I received a dataset from a survey, and it has a rather strange structure. Every row has 90 variables, with the first 15 being general questions and the other 75 being 5 sets of 15 variables, that are actually observations. The concrete case is an employer being asked questions about employees. It holds the following structure:
set.seed(42)
n <- 100
data <- data.frame(
EmployerVar1=1:n,,
EmployerVar2=rnorm(n),
EmployerVar3=rnorm(n),
EmployerVar4=rnorm(n),
EmployerVar5=rnorm(n),
EmployerVar6=rnorm(n),
EmployerVar7=rnorm(n),
EmployerVar8=rnorm(n),
EmployerVar9=rnorm(n),
EmployerVar10=rnorm(n),
EmployerVar11=rnorm(n),
EmployerVar12=rnorm(n),
EmployerVar13=rnorm(n),
EmployerVar14=rnorm(n),
EmployerVar15=rnorm(n),
Employee1Var1=rnorm(n),
Employee1Var2=rnorm(n),
Employee1Var3=rnorm(n),
Employee1Var4=rnorm(n),
Employee1Var5=rnorm(n),
Employee1Var6=rnorm(n),
Employee1Var7=rnorm(n),
Employee1Var8=rnorm(n),
Employee1Var9=rnorm(n),
Employee1Var10=rnorm(n),
Employee1Var11=rnorm(n),
Employee1Var12=rnorm(n),
Employee1Var13=rnorm(n),
Employee1Var14=rnorm(n),
Employee1Var15=rnorm(n),
Employee2Var1=rnorm(n),
Employee2Var2=rnorm(n),
Employee2Var3=rnorm(n),
Employee2Var4=rnorm(n),
Employee2Var5=rnorm(n),
Employee2Var6=rnorm(n),
Employee2Var7=rnorm(n),
Employee2Var8=rnorm(n),
Employee2Var9=rnorm(n),
Employee2Var10=rnorm(n),
Employee2Var11=rnorm(n),
Employee2Var12=rnorm(n),
Employee2Var13=rnorm(n),
Employee2Var14=rnorm(n),
Employee2Var15=rnorm(n),
Employee3Var1=rnorm(n),
Employee3Var2=rnorm(n),
Employee3Var3=rnorm(n),
Employee3Var4=rnorm(n),
Employee3Var5=rnorm(n),
Employee3Var6=rnorm(n),
Employee3Var7=rnorm(n),
Employee3Var8=rnorm(n),
Employee3Var9=rnorm(n),
Employee3Var10=rnorm(n),
Employee3Var11=rnorm(n),
Employee3Var12=rnorm(n),
Employee3Var13=rnorm(n),
Employee3Var14=rnorm(n),
Employee3Var15=rnorm(n),
Employee4Var1=rnorm(n),
Employee4Var2=rnorm(n),
Employee4Var3=rnorm(n),
Employee4Var4=rnorm(n),
Employee4Var5=rnorm(n),
Employee4Var6=rnorm(n),
Employee4Var7=rnorm(n),
Employee4Var8=rnorm(n),
Employee4Var9=rnorm(n),
Employee4Var10=rnorm(n),
Employee4Var11=rnorm(n),
Employee4Var12=rnorm(n),
Employee4Var13=rnorm(n),
Employee4Var14=rnorm(n),
Employee4Var15=rnorm(n),
Employee5Var1=rnorm(n),
Employee5Var2=rnorm(n),
Employee5Var3=rnorm(n),
Employee5Var4=rnorm(n),
Employee5Var5=rnorm(n),
Employee5Var6=rnorm(n),
Employee5Var7=rnorm(n),
Employee5Var8=rnorm(n),
Employee5Var9=rnorm(n),
Employee5Var10=rnorm(n),
Employee5Var11=rnorm(n),
Employee5Var12=rnorm(n),
Employee5Var13=rnorm(n),
Employee5Var14=rnorm(n),
Employee5Var15=rnorm(n))
For analysis the dataset needs to have every observation in a new row, being the employer characteristics with the 15 variables linked to one employee. So the number of rows needs to increase fivefold.

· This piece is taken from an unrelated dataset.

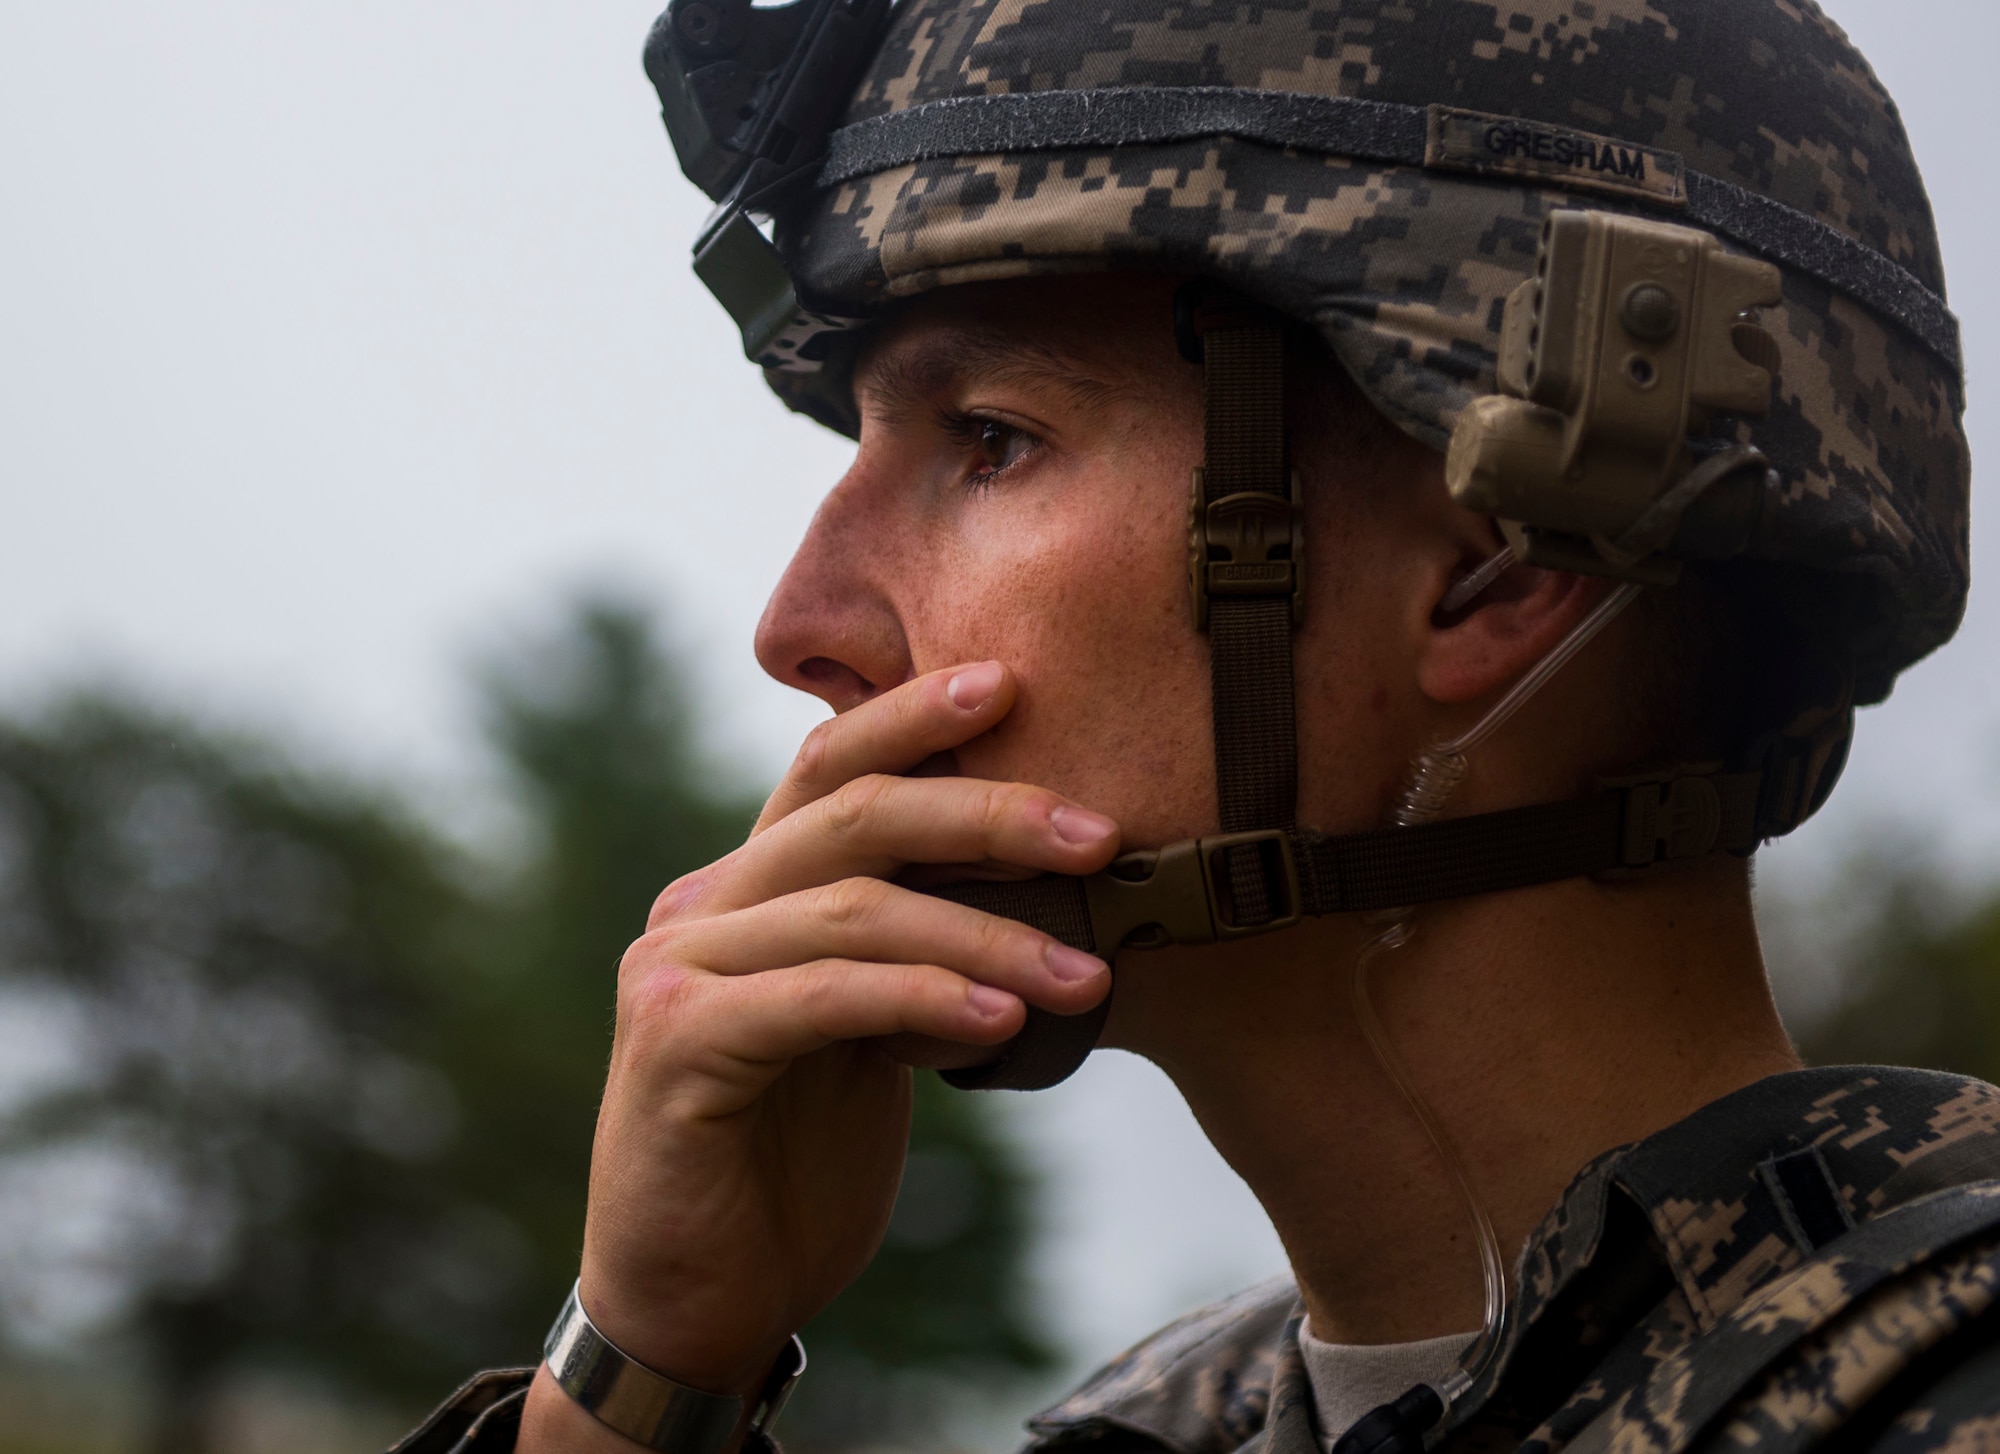 1st Lt. Christopher Gresham, 375th Security Forces Squadron, wipes his face as he learns that additional rooms may have people in them during an active shooter exercise, Scott Air Force Base, Ill., Sept. 9, 2016.  With an increase of mass shootings, the Department of Defense has trained personnel and first responders on how to respond in an active shooter situation.
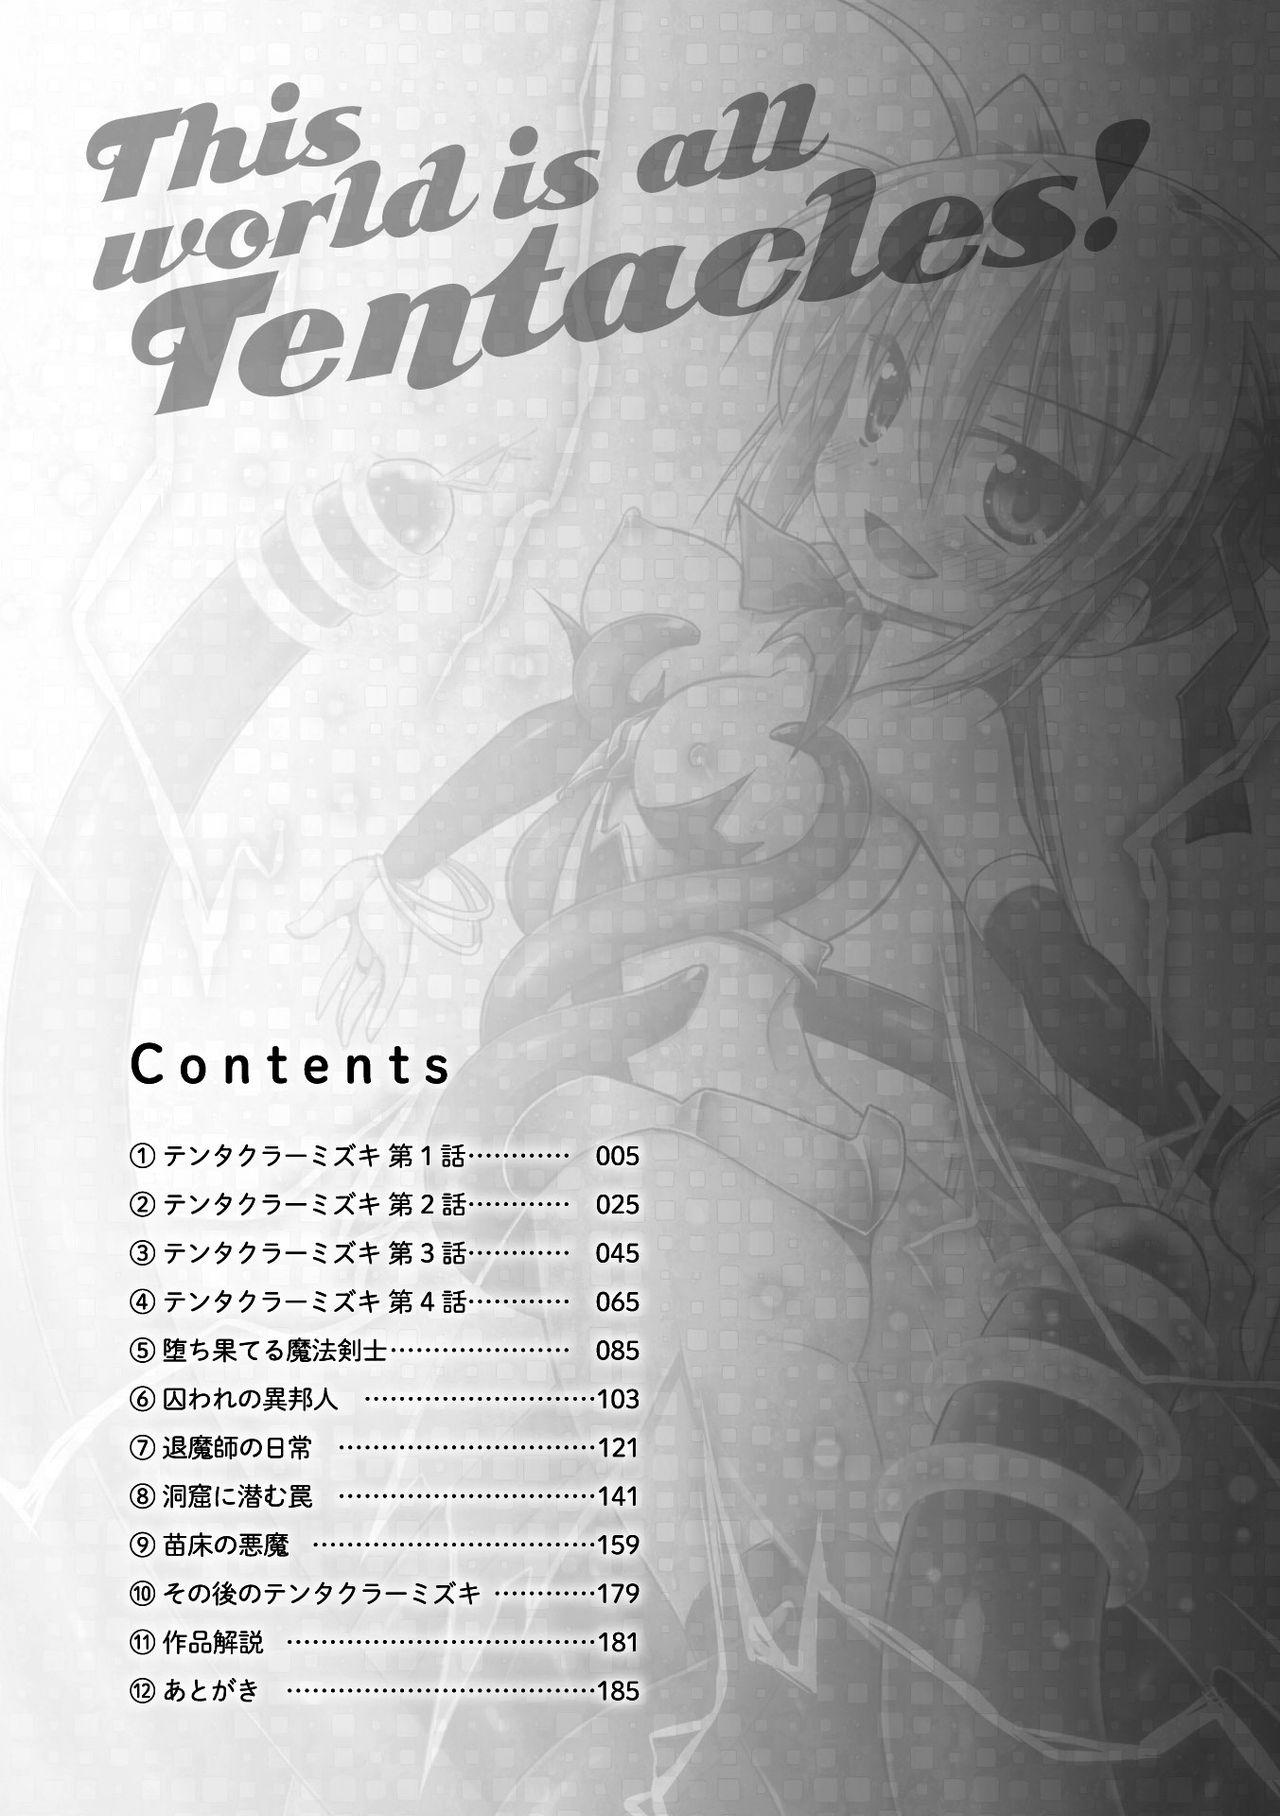 Cop This World is all Tentacles | Konoyo wa Subete Tentacle! Special Locations - Page 4

I asked this question once before and while I thought this was the solution, it eventually didn't work. The suggestion was to:
library(tidyr)
X_wide <- data.frame(id = 1:3, P1 = 4:6, P2 = 7:9, P3 = 10:12)
X_long <- pivot_longer(X_wide, cols = P1:P3, names_to = "person", values_to = "score")
X_long <- as.data.frame(X_long)
This does not work as it would collapse all observation-columns in one new variable. All the data needs to remain the same, it only needs to land in a new spot. To clarify, this is the structure that I would need for analysis.
| Col1 | Col2 | Col3 | Col4 | Col5 | Col6 |
|---|---|---|---|---|---|
| EmployerVar1 | EmployerVar2 | EmployerVar3 | Employee1Var1 | Employee1Var2 | Employee1Var3 |
| EmployerVar1 | EmployerVar2 | EmployerVar3 | Employee2Var1 | Employee2Var2 | Employee2Var3 |
| EmployerVar1 | EmployerVar2 | EmployerVar3 | Employee3Var1 | Employee3Var2 | Employee3Var3 |
Solution 1:[1]
You're trying to reshape the data slightly longer.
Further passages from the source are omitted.